## Problem details:
Return only the lines below starting at the line containing "Термос BIOSTAL Спорт, 1,5" and ending at the line containing "Обои для iPhone: С днем рождения, Стив!", both included, exactly as they are and with no pictures.

## Records to process:
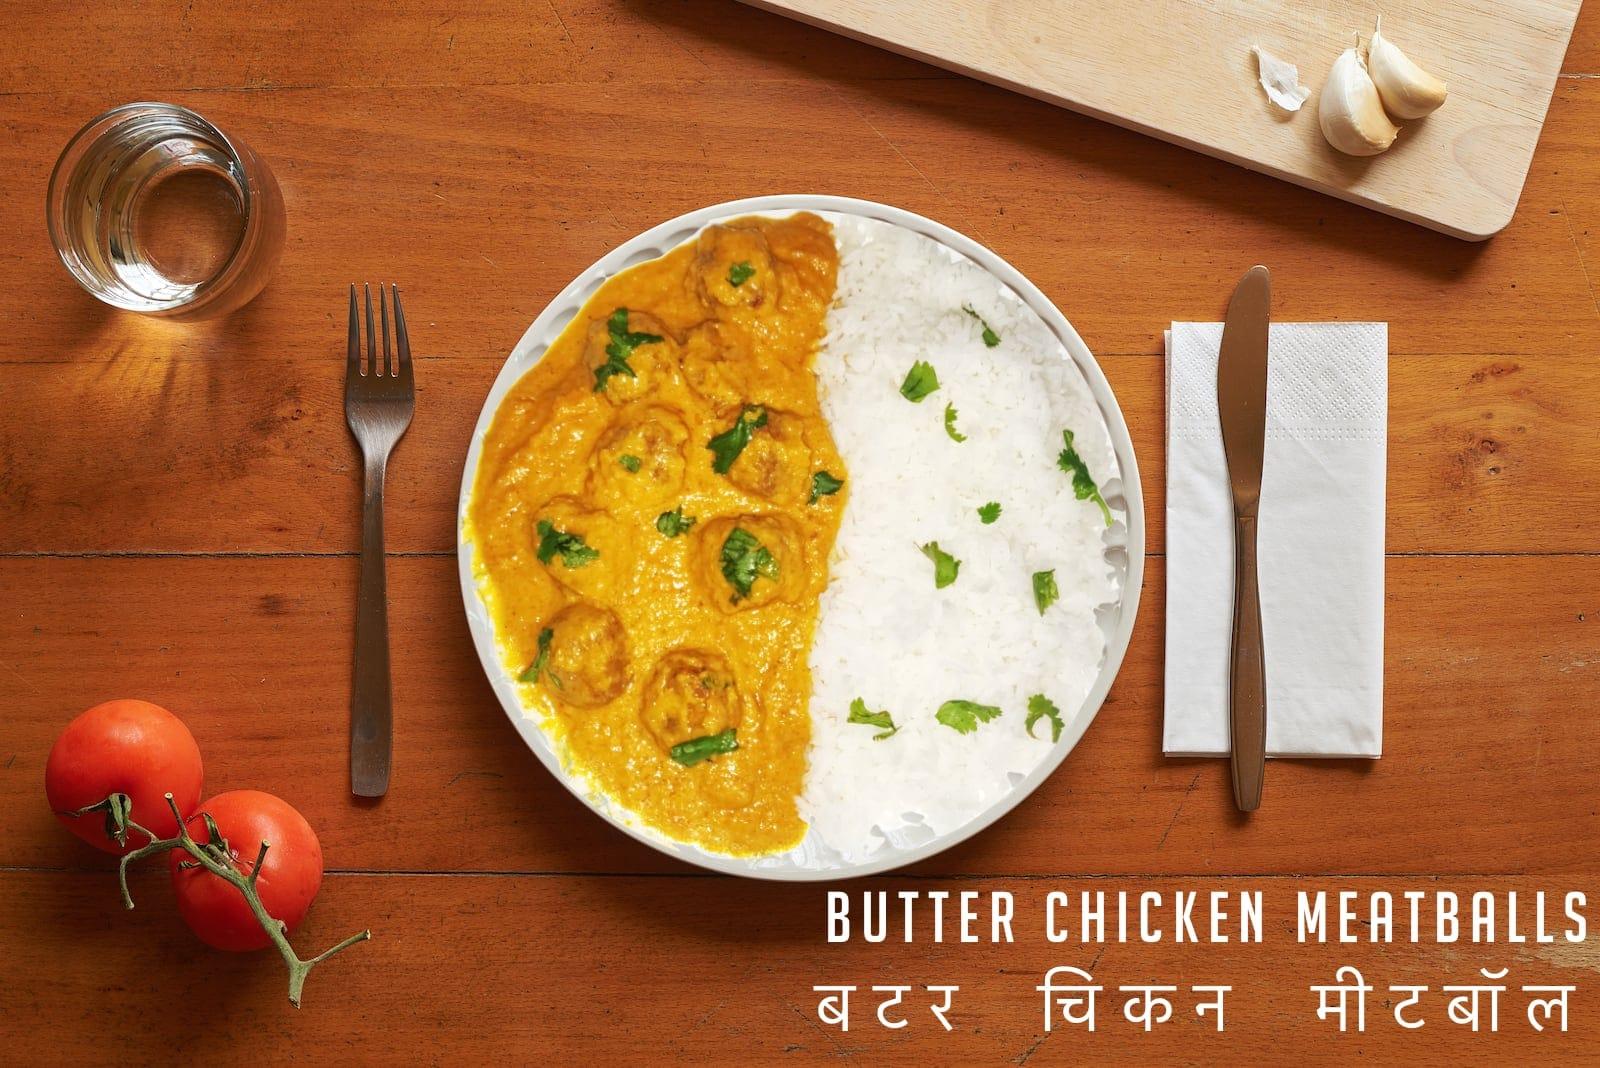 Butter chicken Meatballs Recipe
* * *
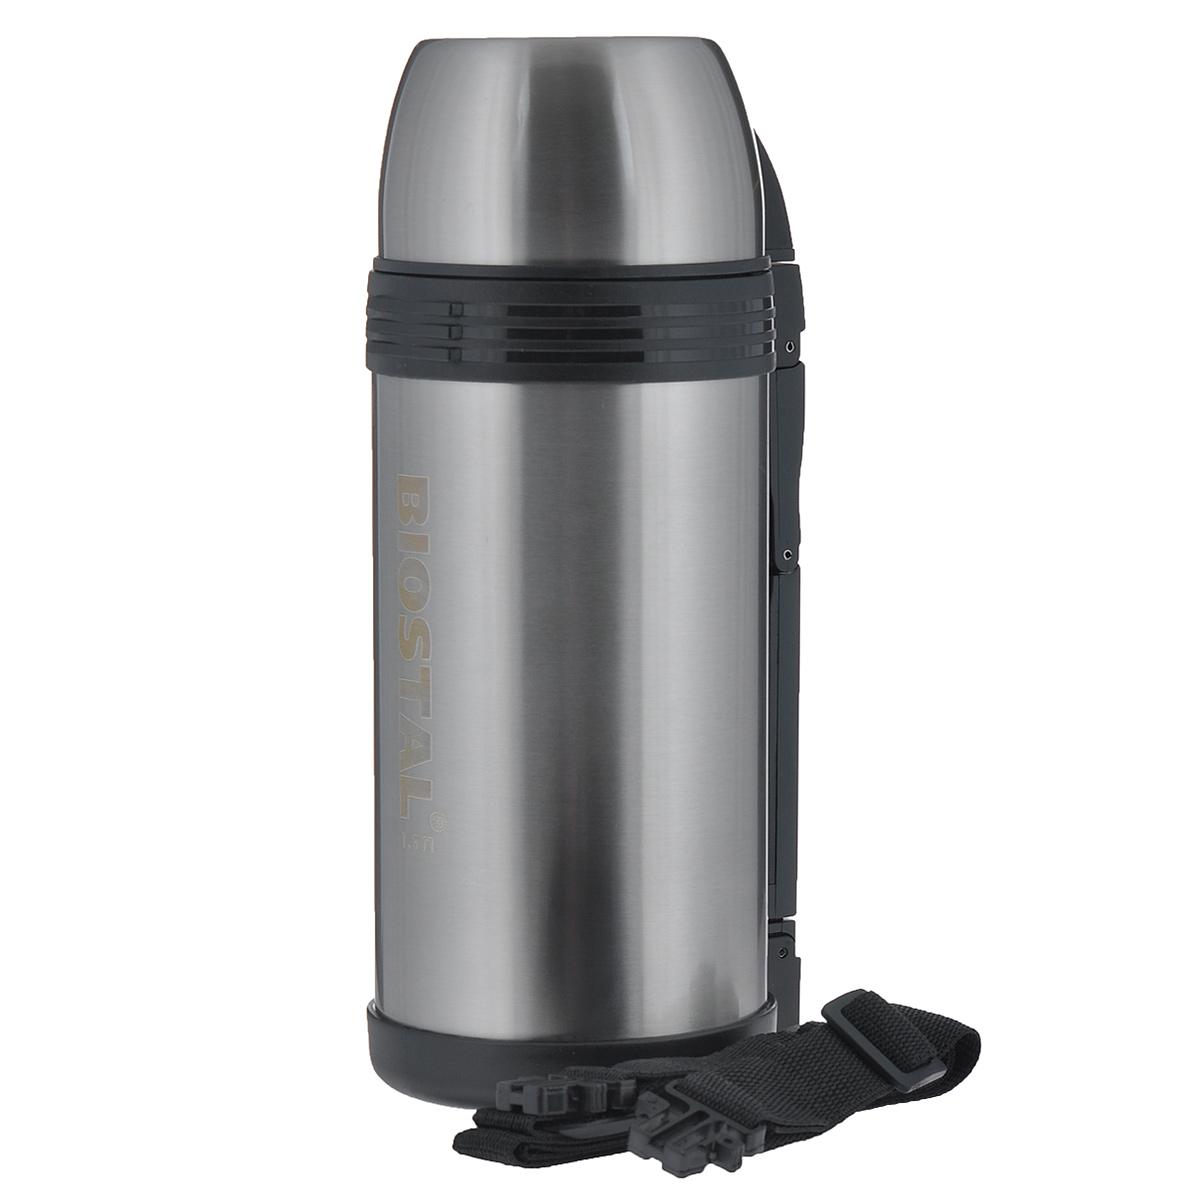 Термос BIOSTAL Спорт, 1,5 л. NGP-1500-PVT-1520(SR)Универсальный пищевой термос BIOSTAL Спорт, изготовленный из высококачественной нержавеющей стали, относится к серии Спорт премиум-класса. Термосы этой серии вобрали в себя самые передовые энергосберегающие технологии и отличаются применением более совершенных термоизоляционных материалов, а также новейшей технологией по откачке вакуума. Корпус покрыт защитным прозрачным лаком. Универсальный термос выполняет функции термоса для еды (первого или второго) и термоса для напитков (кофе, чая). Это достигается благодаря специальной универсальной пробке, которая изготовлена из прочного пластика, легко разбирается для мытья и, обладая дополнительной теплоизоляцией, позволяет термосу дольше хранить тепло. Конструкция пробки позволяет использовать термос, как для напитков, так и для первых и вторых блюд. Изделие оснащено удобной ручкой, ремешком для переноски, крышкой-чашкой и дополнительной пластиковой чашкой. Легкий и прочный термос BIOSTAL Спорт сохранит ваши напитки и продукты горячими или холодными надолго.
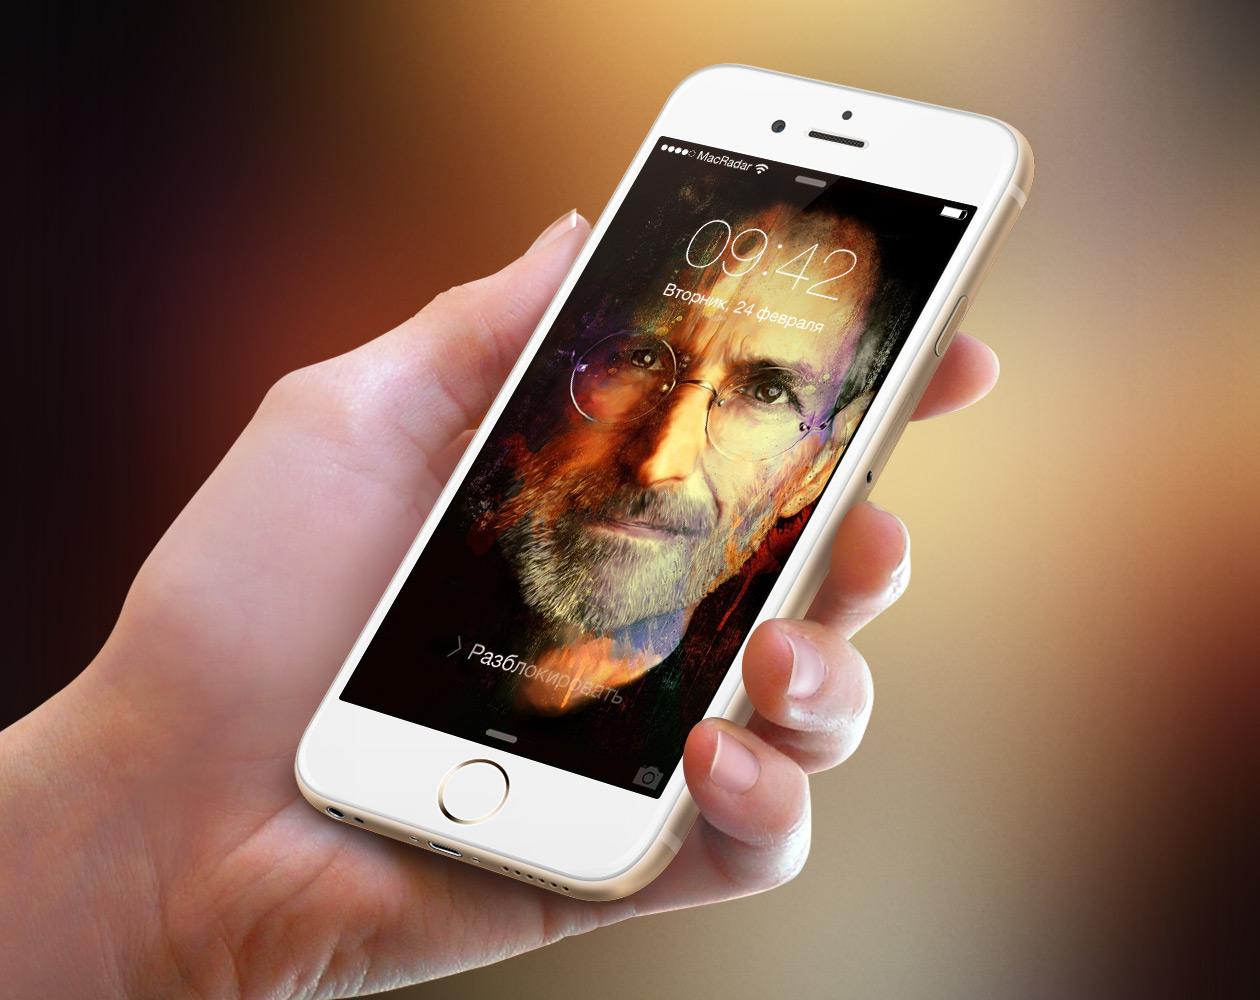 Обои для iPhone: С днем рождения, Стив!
* * *
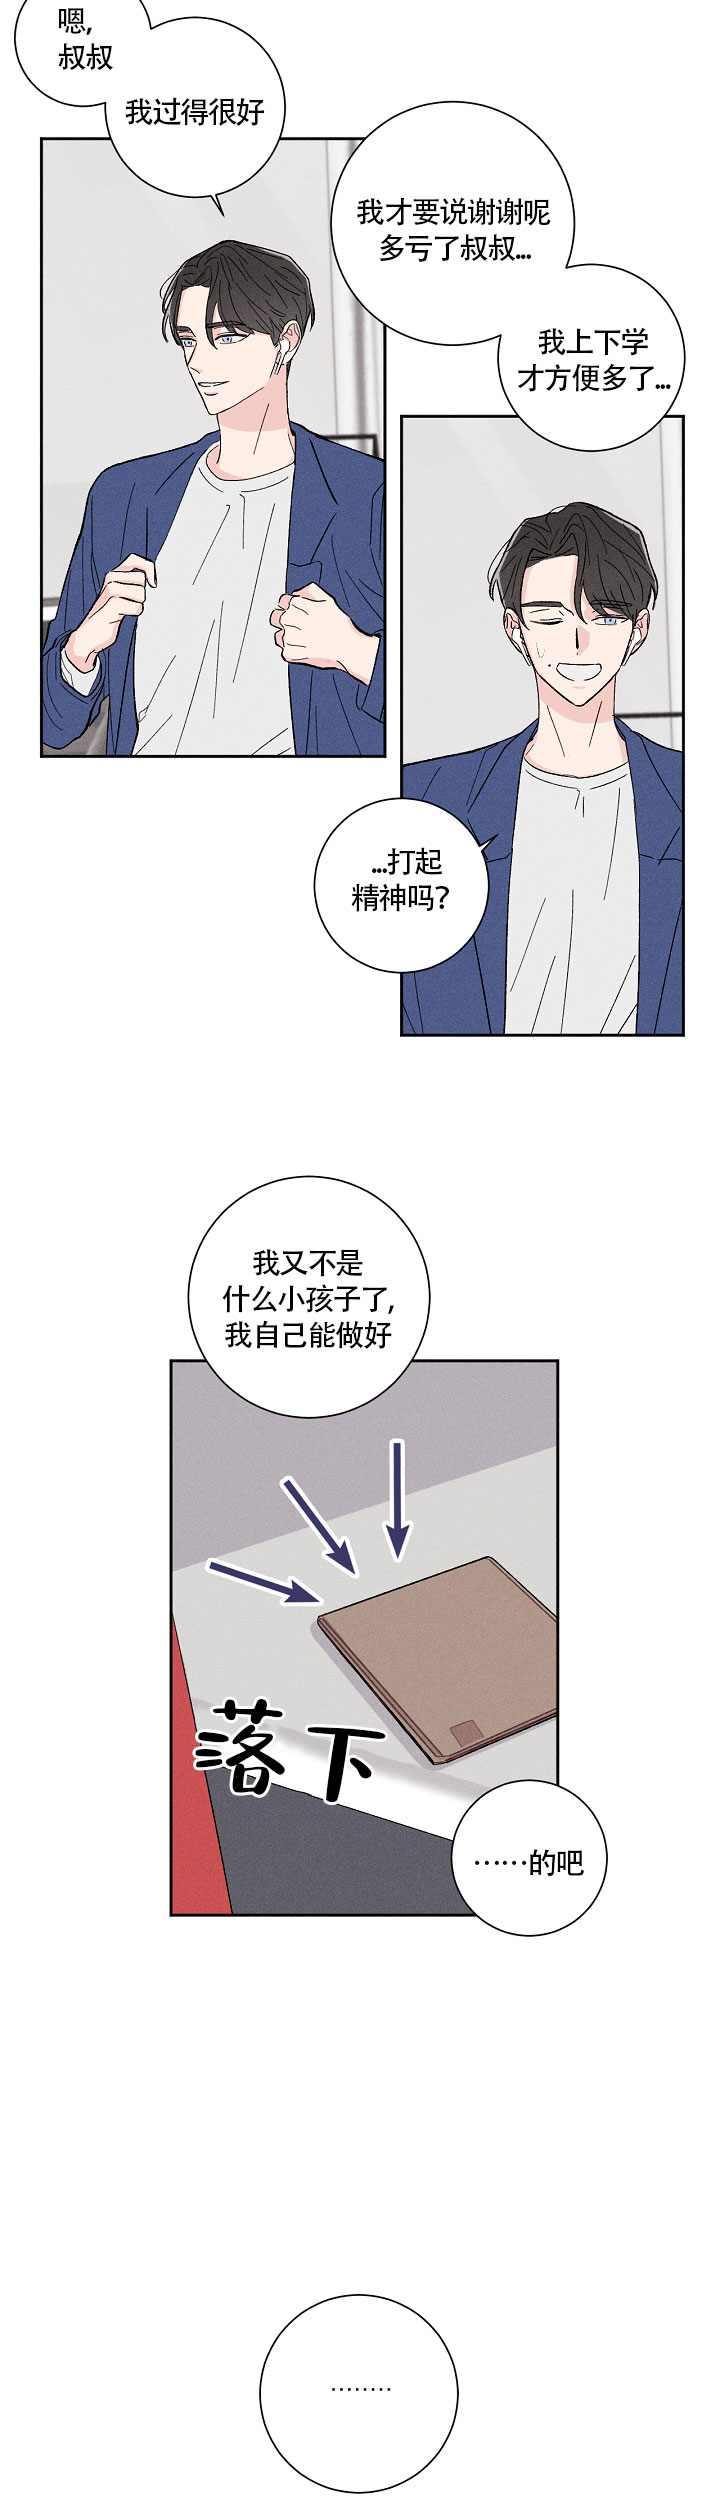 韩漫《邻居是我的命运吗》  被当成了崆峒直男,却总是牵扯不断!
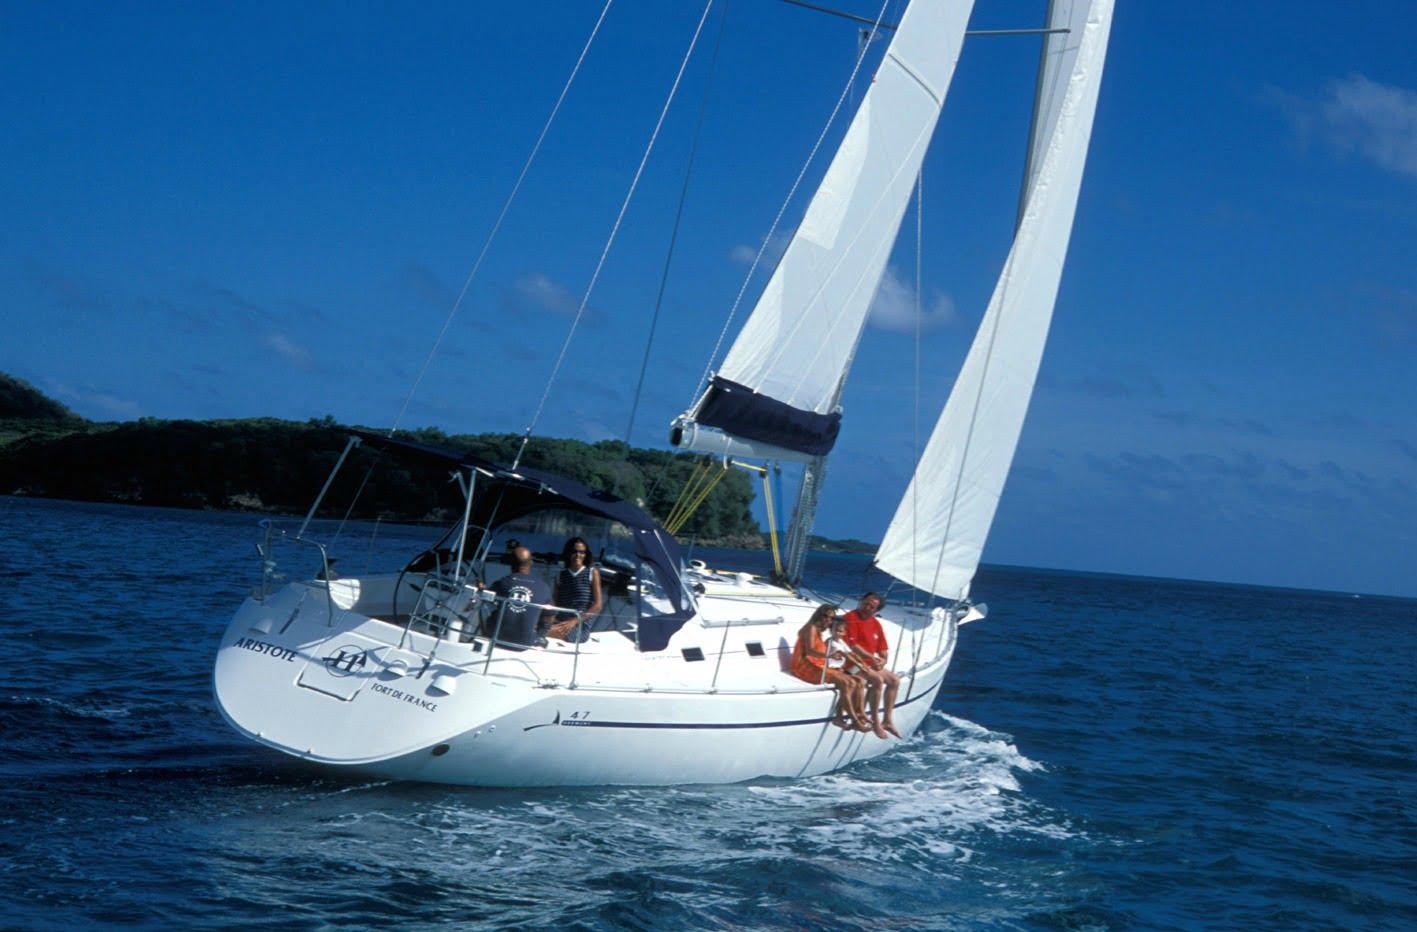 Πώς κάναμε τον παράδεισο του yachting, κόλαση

## Expected answer:
 Термос BIOSTAL Спорт, 1,5 л. NGP-1500-PVT-1520(SR)Универсальный пищевой термос BIOSTAL Спорт, изготовленный из высококачественной нержавеющей стали, относится к серии Спорт премиум-класса. Термосы этой серии вобрали в себя самые передовые энергосберегающие технологии и отличаются применением более совершенных термоизоляционных материалов, а также новейшей технологией по откачке вакуума. Корпус покрыт защитным прозрачным лаком. Универсальный термос выполняет функции термоса для еды (первого или второго) и термоса для напитков (кофе, чая). Это достигается благодаря специальной универсальной пробке, которая изготовлена из прочного пластика, легко разбирается для мытья и, обладая дополнительной теплоизоляцией, позволяет термосу дольше хранить тепло. Конструкция пробки позволяет использовать термос, как для напитков, так и для первых и вторых блюд. Изделие оснащено удобной ручкой, ремешком для переноски, крышкой-чашкой и дополнительной пластиковой чашкой. Легкий и прочный термос BIOSTAL Спорт сохранит ваши напитки и продукты горячими или холодными надолго.
 Обои для iPhone: С днем рождения, Стив!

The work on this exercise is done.